— Ты так считаешь?

— Да.

— И сильно забавный?

— Очень забавный.

— Очень забавный?

— Очень, очень, очень забавный.

— Ну и ну. Очень, очень, очень забавный?

— Ну, может быть, и не настолько забавный.

— Эх, — говорю я, вдруг чувствуя себя подавленным.

— Однако это забавно.

— Что именно?

— То, что тебя так волнует мнение других людей о тебе.

— Разве это не свойственно любому человеку?

— Обычно люди не показывают этого с такой очевидностью.

— Да, но ты сама сказала, что это делает меня забавным. Стало быть, в этом нет ничего плохого, так?

— Возможно.

— Что ты хочешь сказать этим «возможно»? Я полагал, что главное, что ищет девушка в парне, это хорошее чувство юмора.

— Это лишь одна сторона дела.

— Ладно, поставим вопрос иначе. Если бы ты была девушкой — в смысле, девушкой как девушкой, а не девушкой как товарищем — и не гуляла с Эдвардом…

— Я с ним и не гуляю.

— Что?

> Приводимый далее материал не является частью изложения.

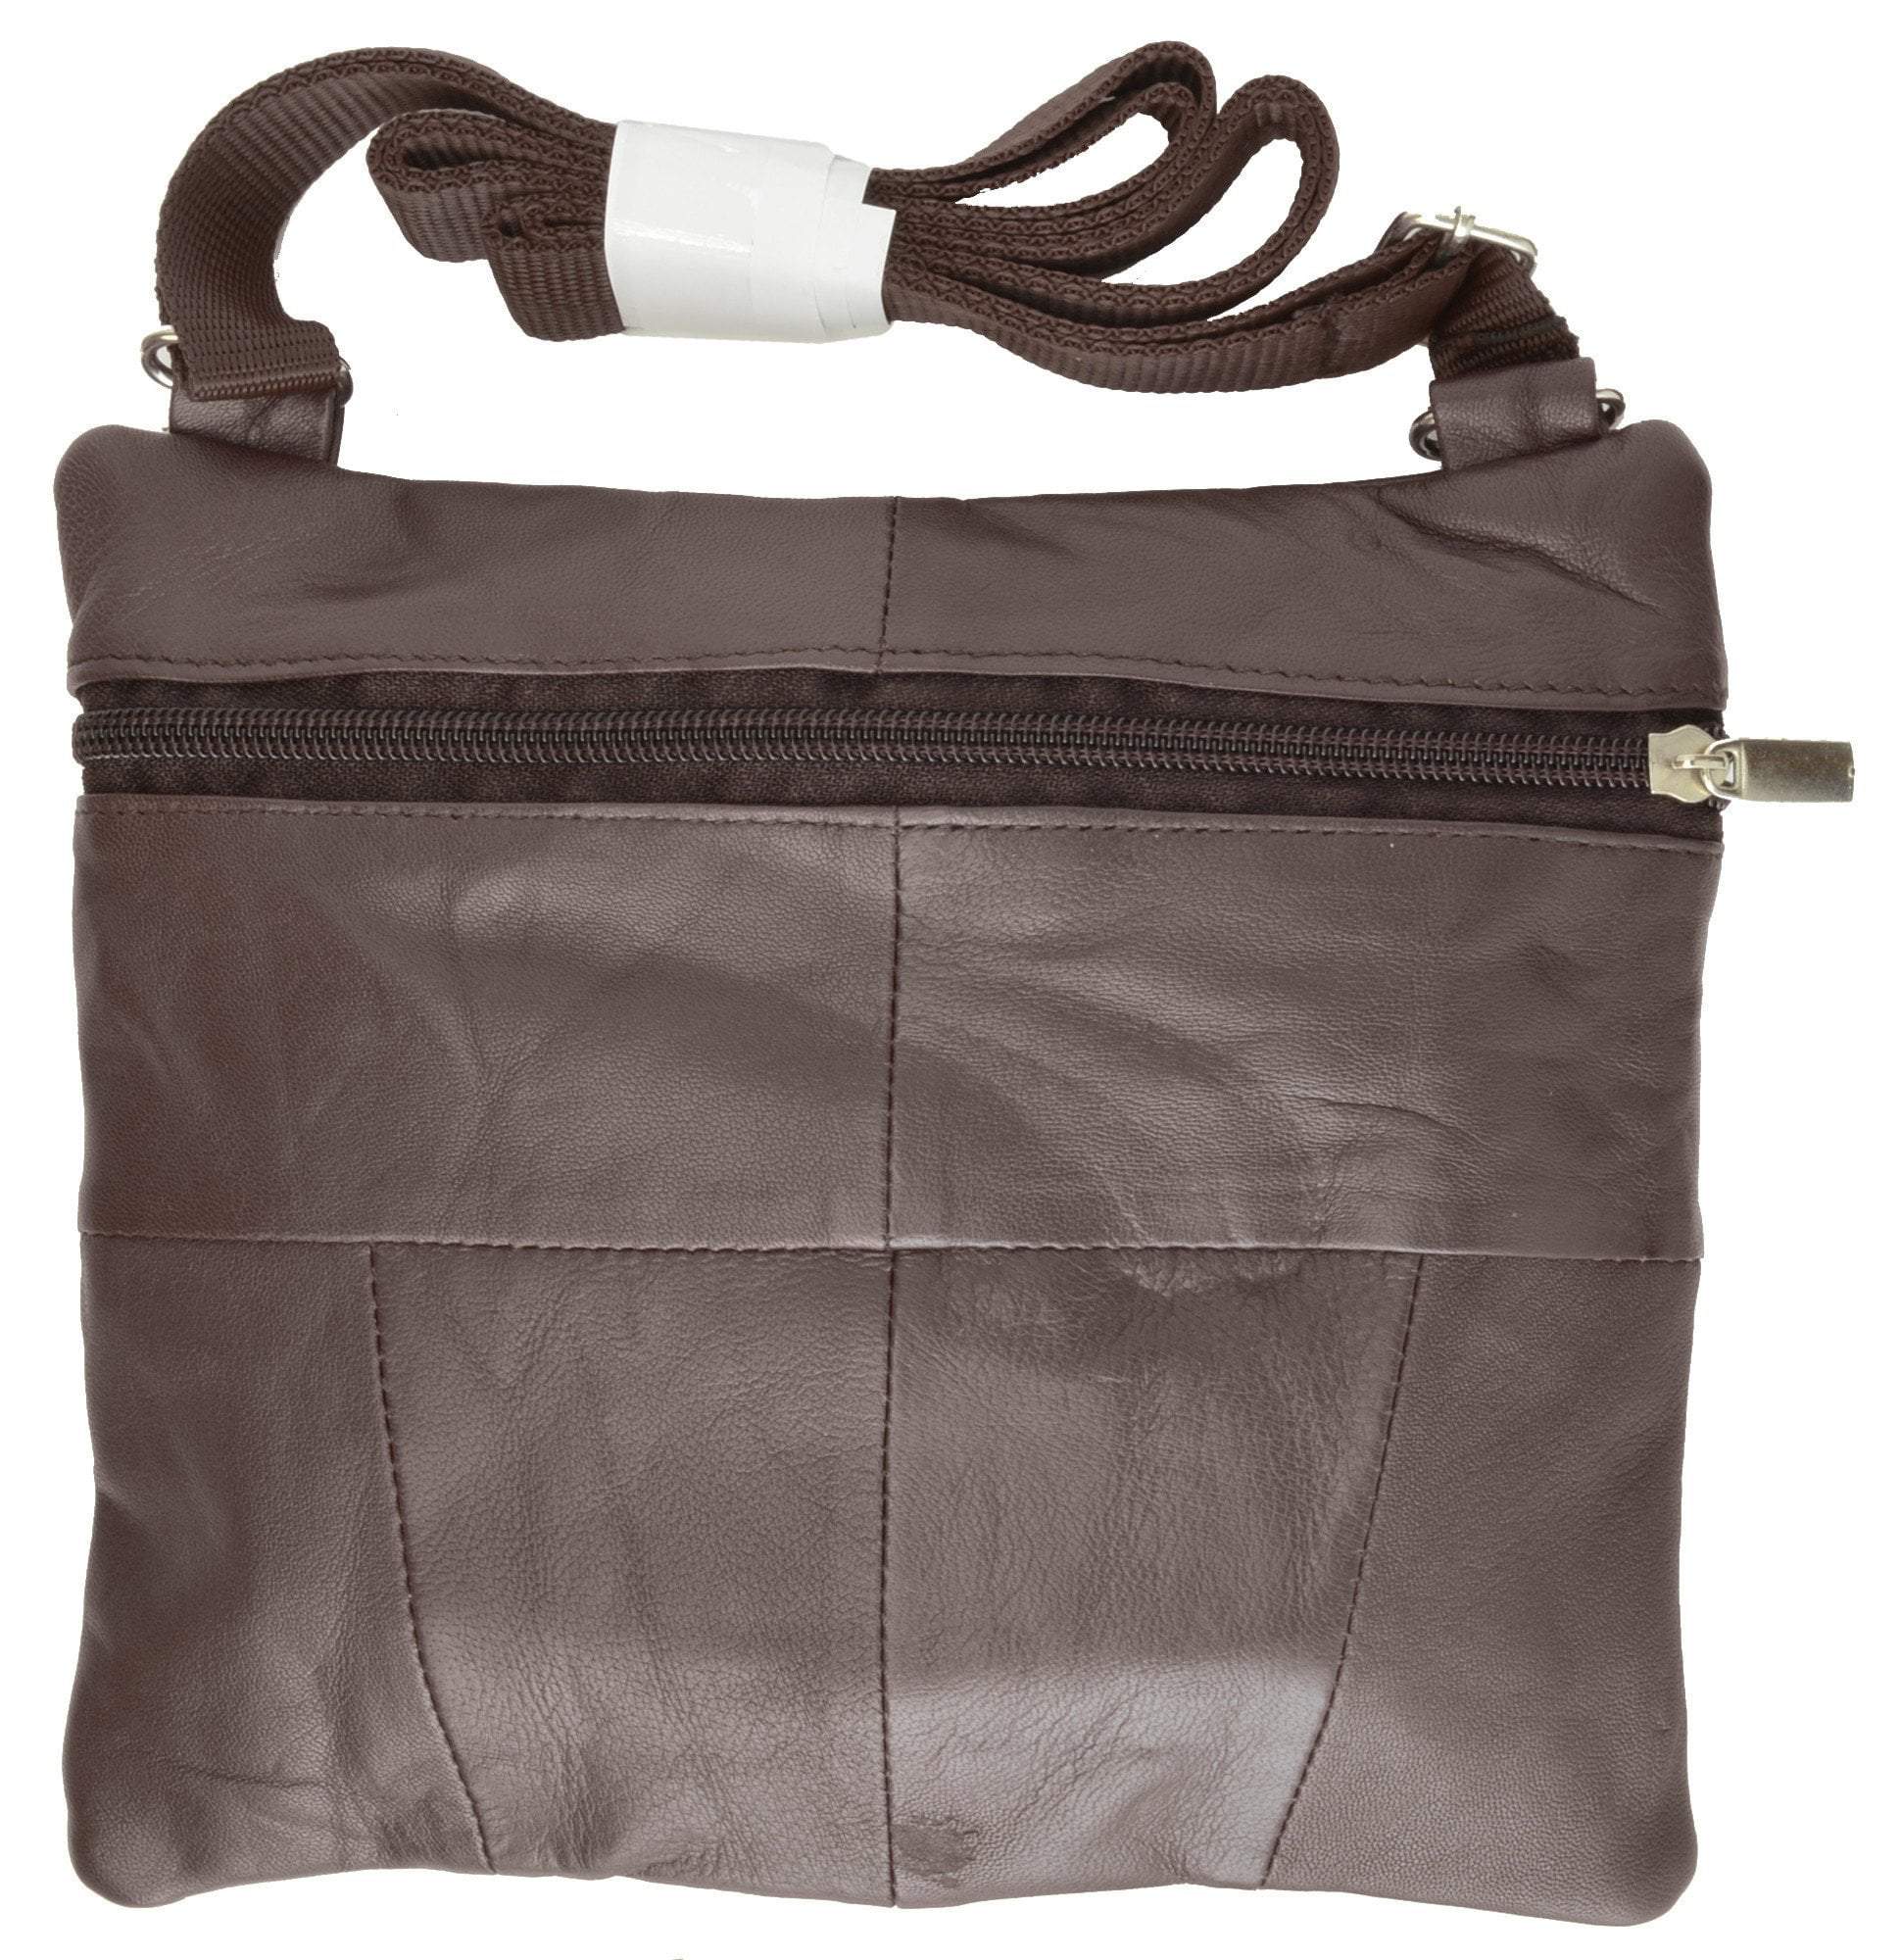 Marshal Wallet Soft Leather Cross Body Bag Purse Shoulder Bag 5 Pocket Organizer Micro HandbagTravel Wallet Multiple Colors HN907 , Adult Unisex, Size

С каких это пор?

— Да уже давно.

— Хорошо. Тогда я не буду задавать вопрос, который собирался.

— Почему?

— Несколько щекотливая область, я не подумал.

— Какие могут быть проблемы: все закончилось. Ты же видел — мы остались друзьями.

— Для тебя проблем нет, но не для меня.

— Я тебя не понимаю.

Я вздыхаю.

— Я хочу сказать, что если бы предположительно я спросил тебя: если бы ты была девушкой, а не моим товарищем, стала бы ты встречаться со мной, — ну, ты могла бы подумать, что я спрашиваю тебя совсем не предположительно.

— И предположительно я оказалась бы права?

Я чувствую, что у меня вспыхнули щеки, а синапсы совершенно разболтались, и это совершенно нечестно и не нужно, потому что разговор шел совсем в другую сторону. У меня просто перехватили его нить, и я потерял всякое управление.

— Относительно чего?

— Была бы я права, предположив, что ты хотел предложить мне встречаться?

— Кому — мне? С тобой? Встречаться?

Молли смотрит на меня очень спокойно и буднично. Пожалуй, подсказки от нее не дождешься.

Конечно, я знаю, какого слова она от меня ждет. Того самого, которое я хочу сказать.

Но произношу я слово:

— Нет!

И почти сразу за ним:

— Боже мой, нет!

И затем совсем самоубийственное:

— Я хочу сказать, что мне трудно представить себе что-либо более стеснительное. А тебе?

— Совершенно то же самое! — говорит Молли.

Мы одновременно вздыхаем. Затем так же одновременно тянемся к моей пачке «Консулата». Наши руки на короткое время соединяются. Мы быстро отдергиваем их обратно.

— Сначала ты, — говорит она.

— Нет, пожалуйста, сначала ты.

Мы зажигаем свои сигареты, поднимаем чашки кофе и провозглашаем кофеином и дымящимся табаком общий тост за наше решительно платоническое будущее.

* * *

Вернувшись к себе в комнату, я отчаянно мастурбирую. При этом в своих фантазиях я исправляю предыдущий сценарий и вместо «нет» говорю «да». Молли отвечает: «Тогда не будем терять время. Возьми меня! Сейчас!» Я галантно повинуюсь, и через несколько мгновений все кончено. В своей послеоргазменной печали я чувствую некоторое отвращение к себе самому из-за того, что допустил такие грязные мысли в отношении той, кого судьба даровала мне в качестве доброй подруги. Отвращение к себе еще более усиливается, когда я слышу стук в дверь (к счастью, запертую) и голос:

— Это я. Может, ты все-таки впустишь меня? — Это мой брат.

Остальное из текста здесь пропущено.